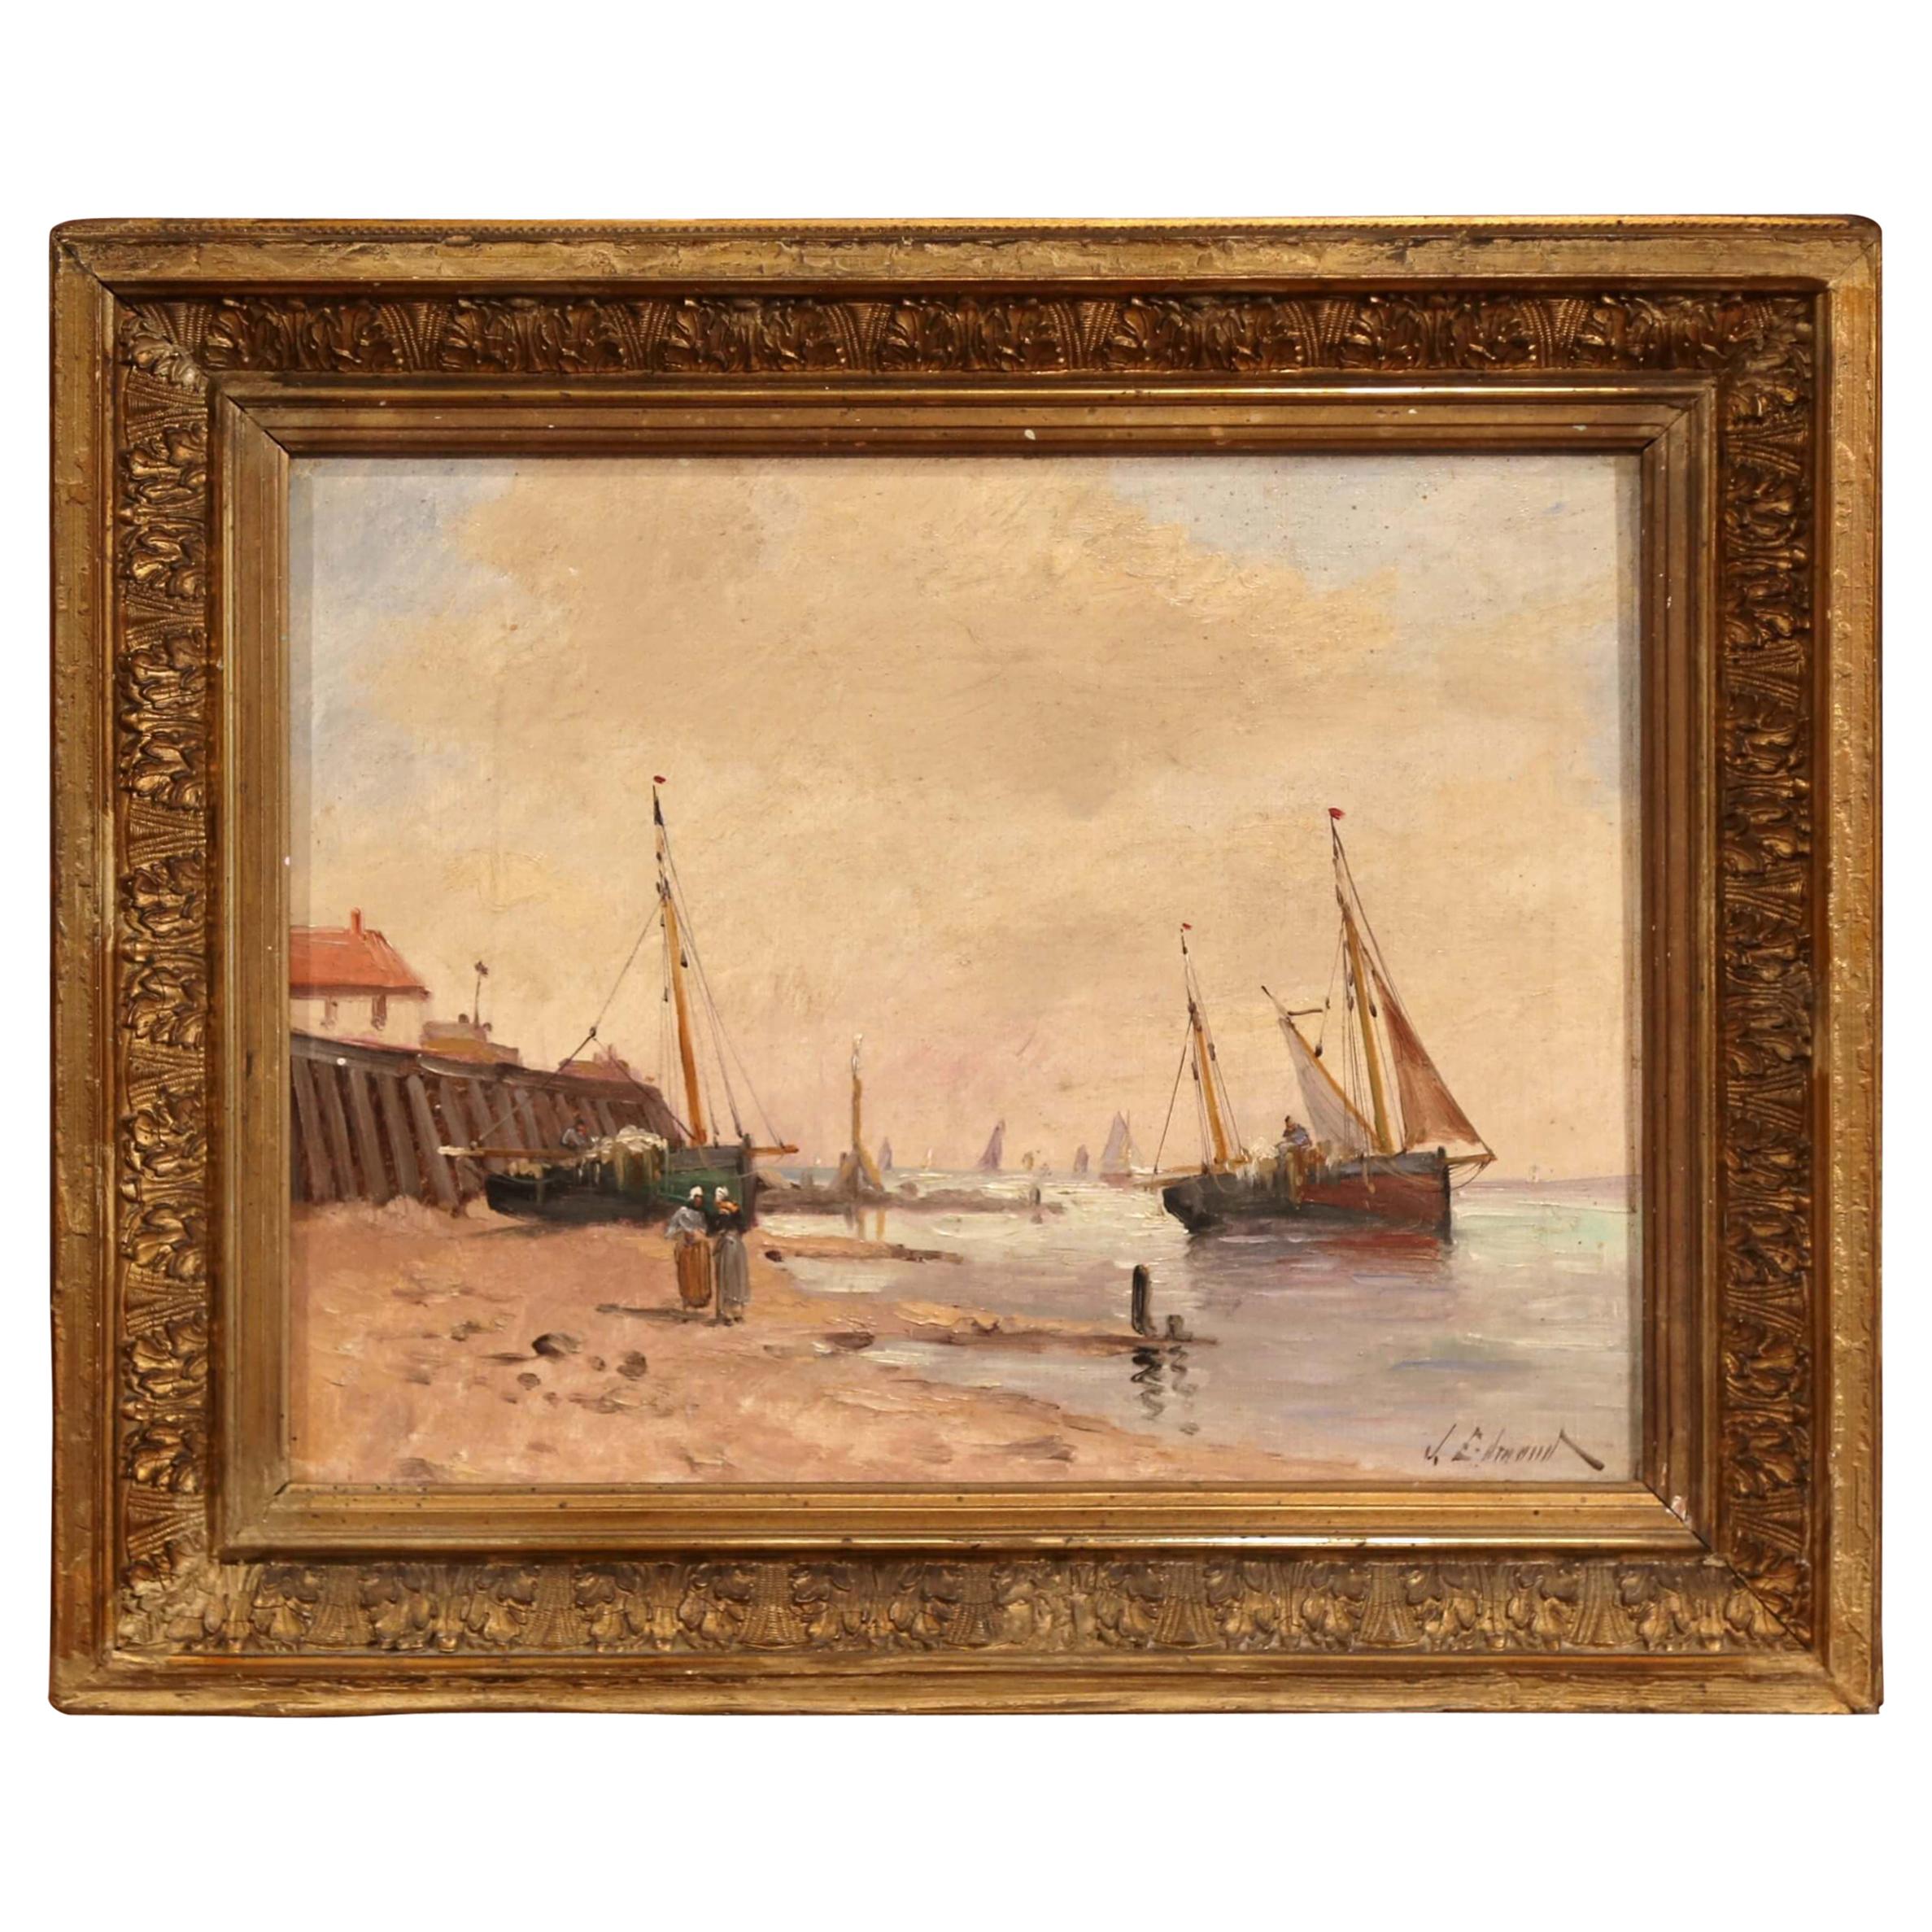 19th Century French Marine Scene Oil on Canvas Painting Signed J. Edmond
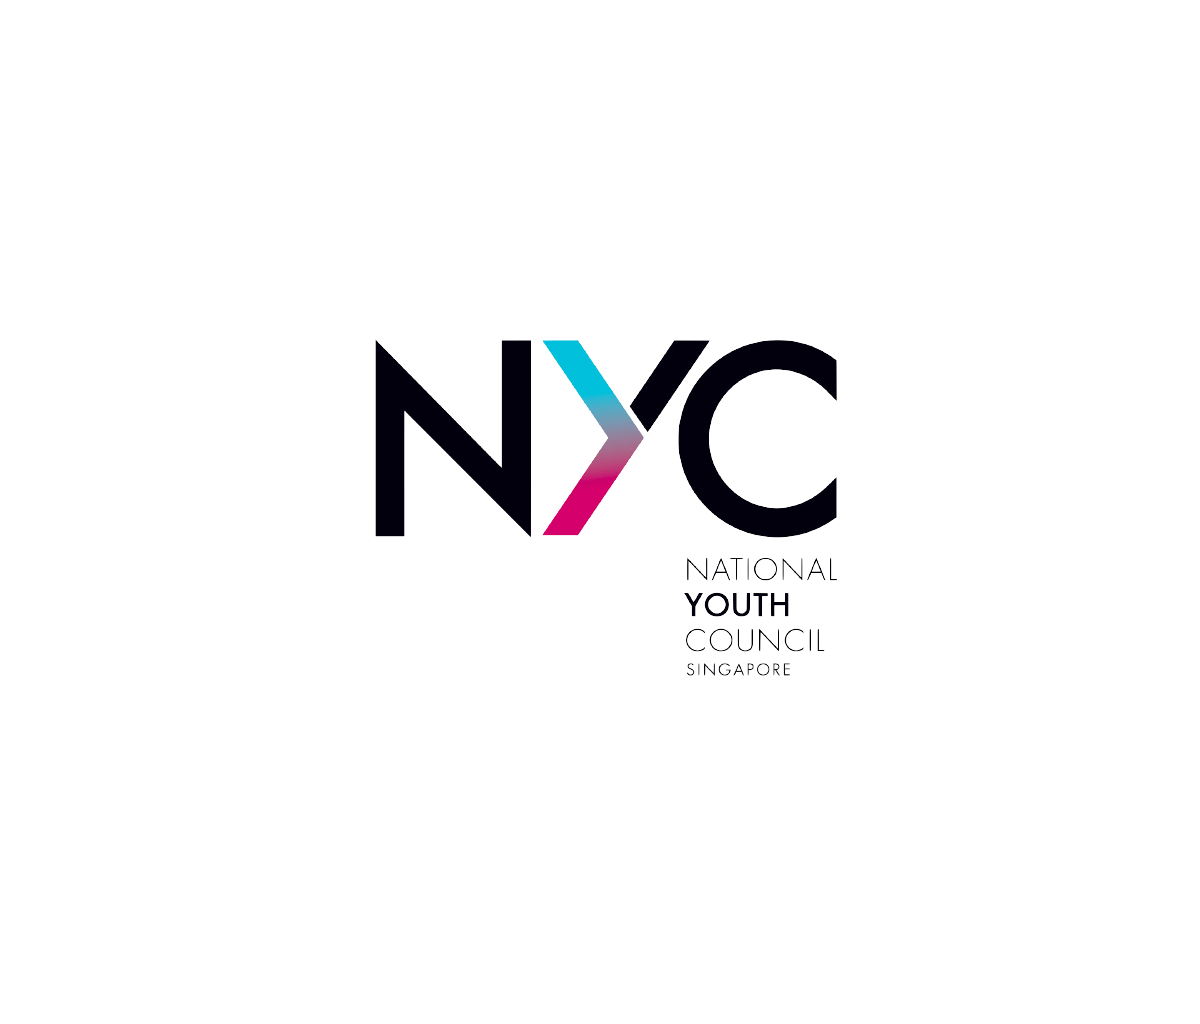 nyc-logo
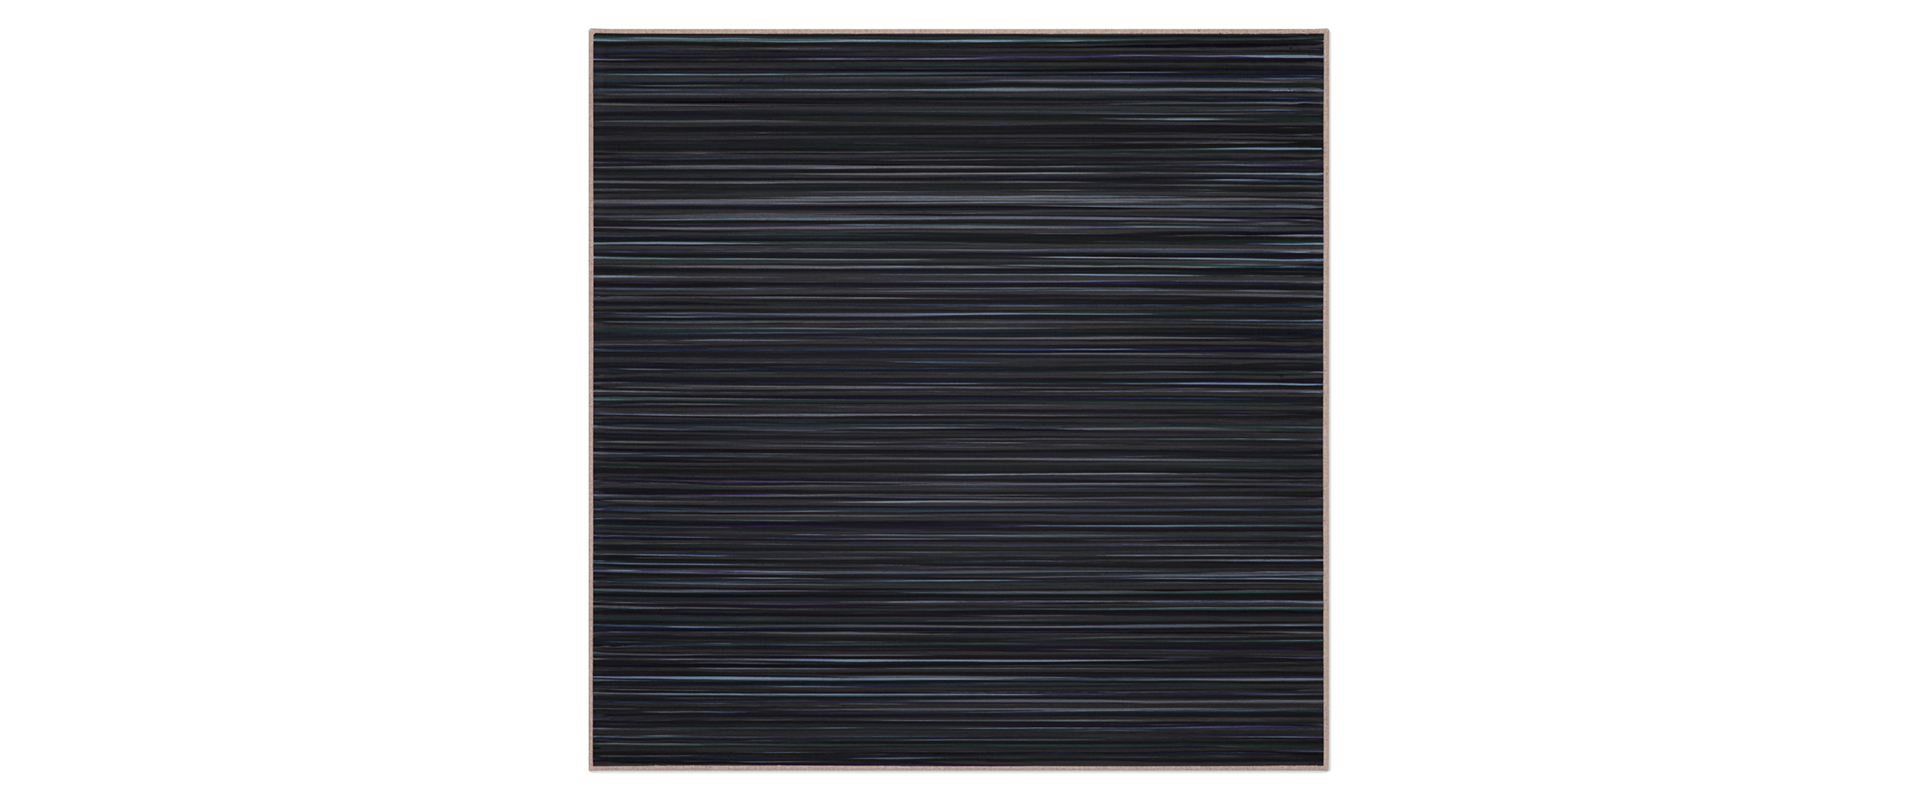 Untitled (2139) - 2021, Acryl auf Leinwand, 50 x 50 cm
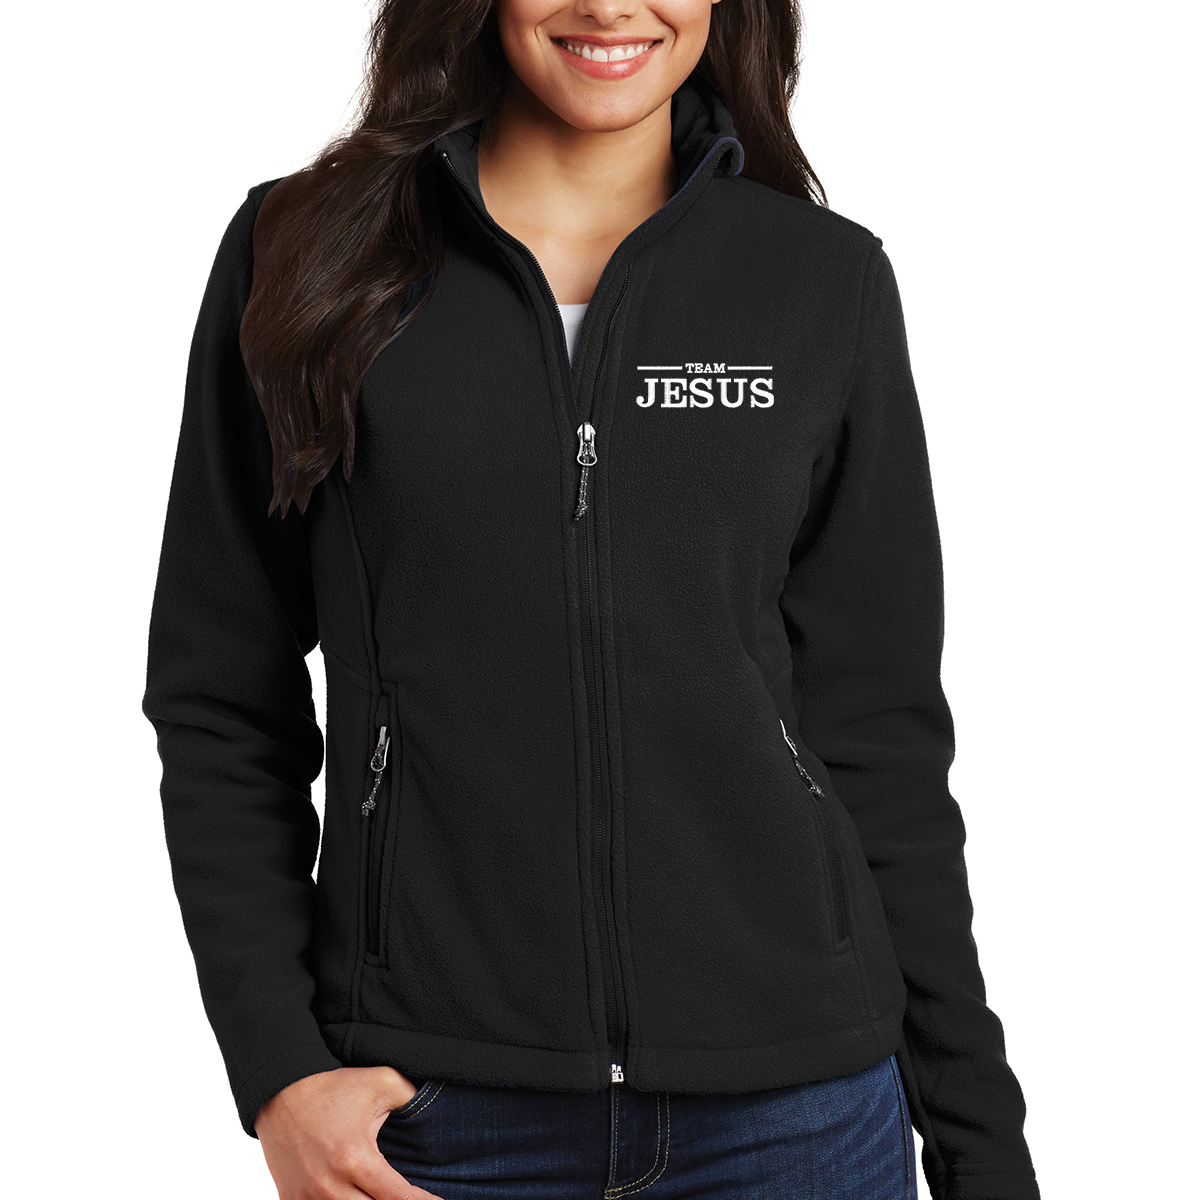 Ladies Microfleece Team Jesus Jacket

□ □ □ □

◆ **How to complete this task**
An exact copy of the material above is required, free of any pictures.

◆ **Result for this exercise**
 19th Century French Marine Scene Oil on Canvas Painting Signed J. Edmond
 nyc-logo
 Untitled (2139) - 2021, Acryl auf Leinwand, 50 x 50 cm
 Ladies Microfleece Team Jesus Jacket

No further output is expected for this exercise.